Beiträge können bis zum 16. Oktober über die E-Mail-Adresse cultura@cm-vilareal.pt eingereicht werden. Diese Initiative ist Teil einer Strategie zur Förderung und Bekanntmachung des Festwagens „Unsere Liebe Frau von Pena“, deren Ziel es ist, „dieses kulturelle Erbe durch Fotografie und Illustration bekannt zu machen und zu präsentieren“.
Dieser Festwagen – einer der größten des Landes mit einem Gewicht von rund drei Tonnen – wird während des Festes zu Ehren Unserer Lieben Frau von Pena in Mouçós (in der Gemeinde Vila Real) von mehr als 100 Menschen getragen. Es handelt sich um die größte religiöse Wallfahrt der Region, die am zweiten Sonntag im September stattfindet.
Traditionelles Fest
Die Tradition reicht bis ins 18. Jahrhundert zurück, und das Fest wird jährlich von einem der elf Dörfer der Gemeinde Mouçós organisiert.
In einer heute veröffentlichten Erklärung erklärte die Gemeinde, dass der Wettbewerb Teil eines Projekts zur Förderung und Bekanntmachung dieser kulturellen Veranstaltung ist und vom Programm „Norte 2030“ unterstützt wird.
Die Initiative steht sowohl nationalen als auch internationalen Künstlern offen und zielt darauf ab, das künstlerische Schaffen zu fördern und zur Wertschätzung, Förderung und Sichtbarkeit des Festwagens „Unsere Liebe Frau von Pena“ als Schlüsselelement der Identität und des kulturellen Erbes von Vila Real beizutragen.
Die Preisgelder in der Kategorie Fotografie betragen 200 € für den zweiten Platz und 600 € für den Gewinner, während in der Kategorie Illustration der Zweitplatzierte 700 € und der Erstplatzierte 1.500 € erhält.
Kulturerbe
Im November 2023 reichte der Stadtrat von Vila Real einen Antrag beim Nationalen Verzeichnis des immateriellen Kulturerbes ein, um die Tradition zu fördern und fortzuführen.

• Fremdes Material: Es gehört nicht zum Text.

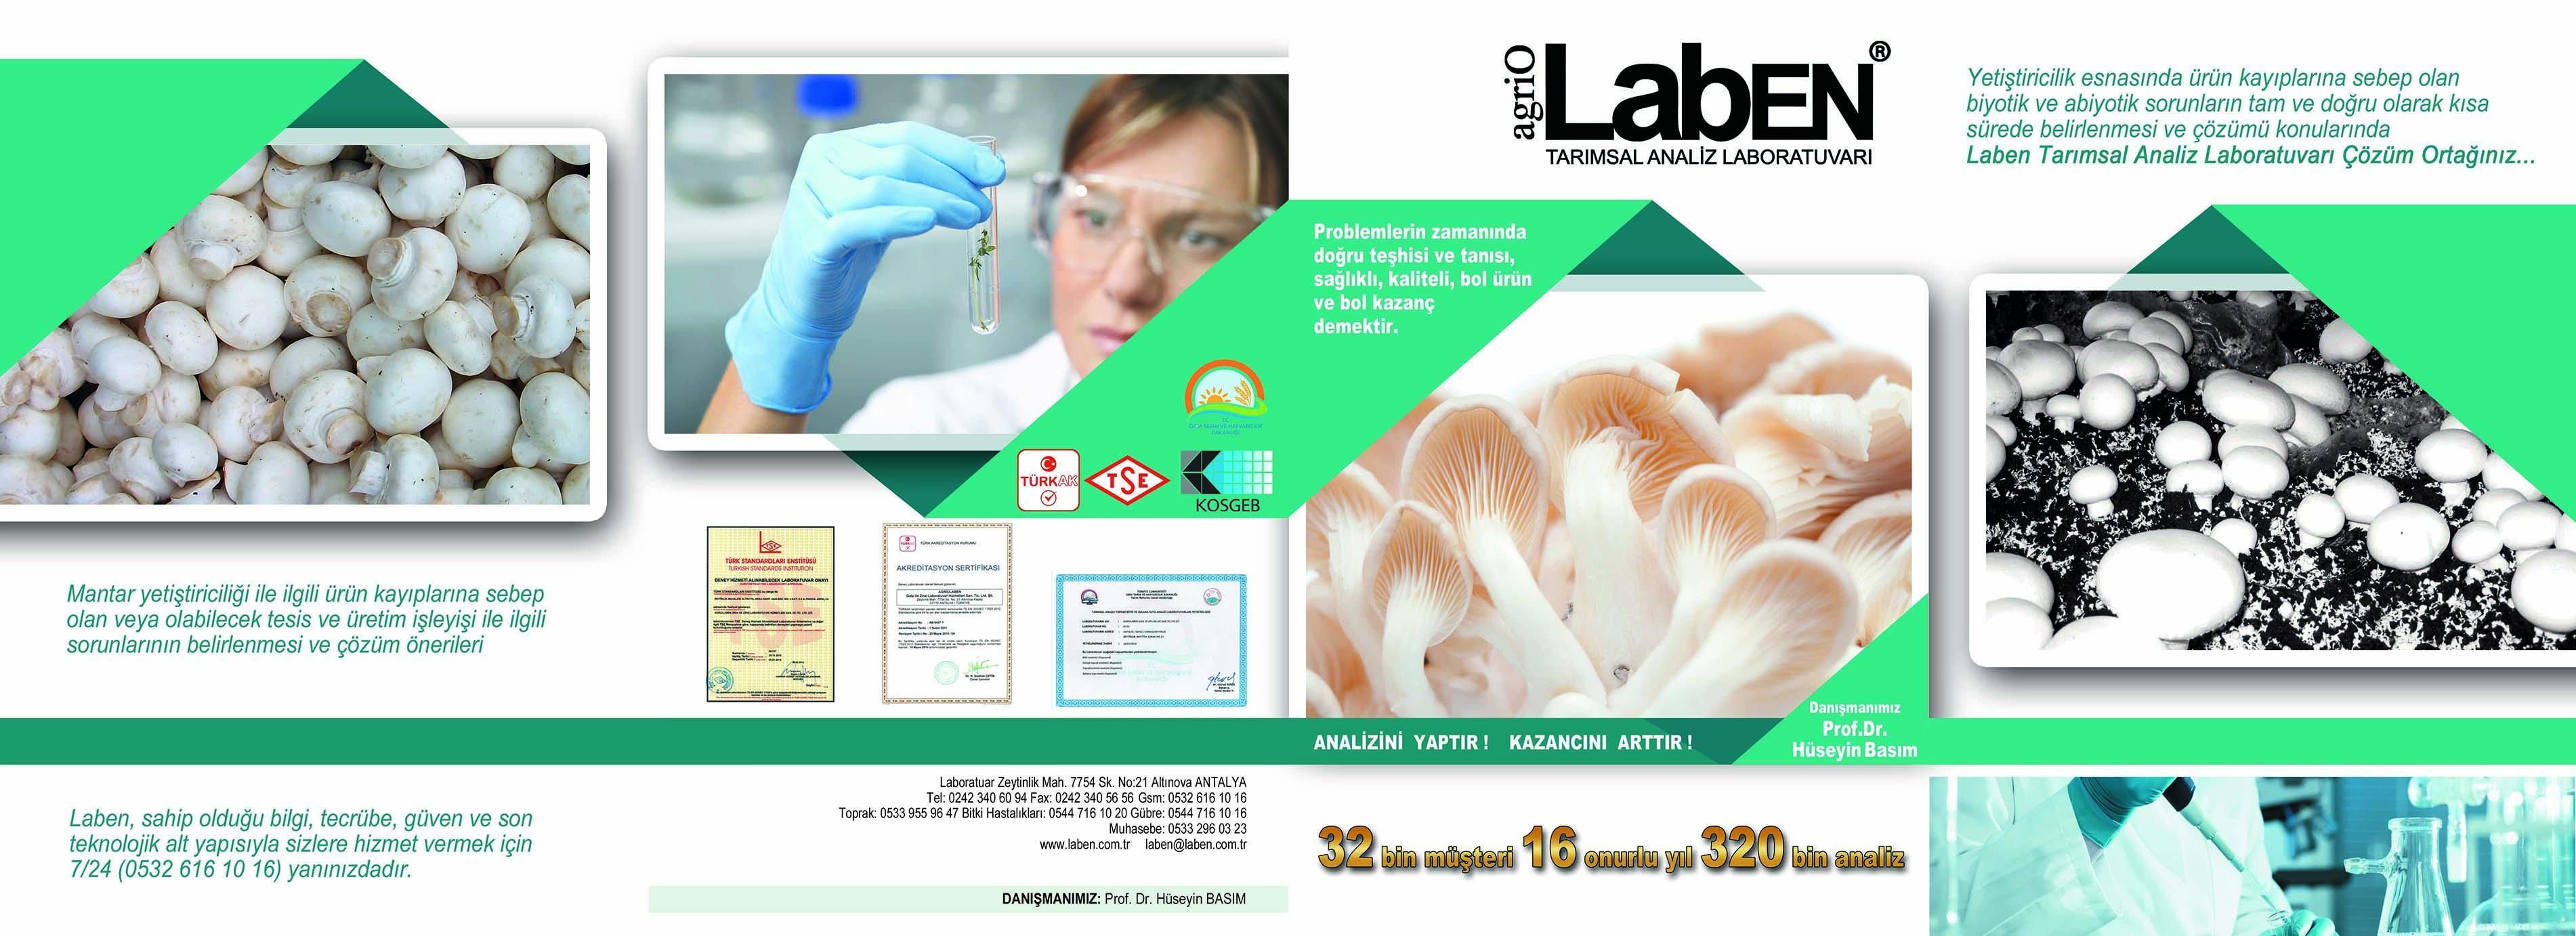 Bitki Hastalıklarının Doğru ve Hızlı Teşhisinin Önemi

Die Aufnahme in das Nationale Verzeichnis des immateriellen Kulturerbes wurde im Juni bekannt gegeben.
In der im „Diário da República“ (Amtsblatt) veröffentlichten Bekanntmachung wurde die Bedeutung des Prozessionswagens *Senhora da Pena* für die Identität der beteiligten Gemeinschaften hervorgehoben; die historische Bedeutung dieses Ereignisses im lokalen Kontext sowie dessen sozialen, kulturellen und religiösen Einfluss; und die Dynamik der Weitergabe der über Generationen hinweg entwickelten Praktiken und Kenntnisse innerhalb der Gemeinschaften, Gruppen und Träger des damit verbundenen Know-hows.
In der Beschreibung in der Datenbank des Nationalen Verzeichnisses des immateriellen Kulturerbes heißt es: „Jedes Jahr dauert die Vorbereitung des Festwagens etwa zwei Monate – ein Prozess, der ihn gewissermaßen visuell neu erfindet, da fast alles von Grund auf neu gestaltet wird.“
„Hunderte von Ornamenten, über tausend Meter Stoff und Dutzende Kilogramm Stecknadeln werden verwendet, um die Holzkonstruktion in einem mühevollen Prozess zu verkleiden. Ist der Festwagen fertiggestellt, besticht er durch seine Formen, Texturen und Farben, vor allem aber durch seine immense Höhe, die 23 Meter übersteigt. Am Tag der Prozession – dem zweiten Sonntag im September – wiegt der Festwagen fast drei Tonnen“, heißt es in dem Dokument weiter.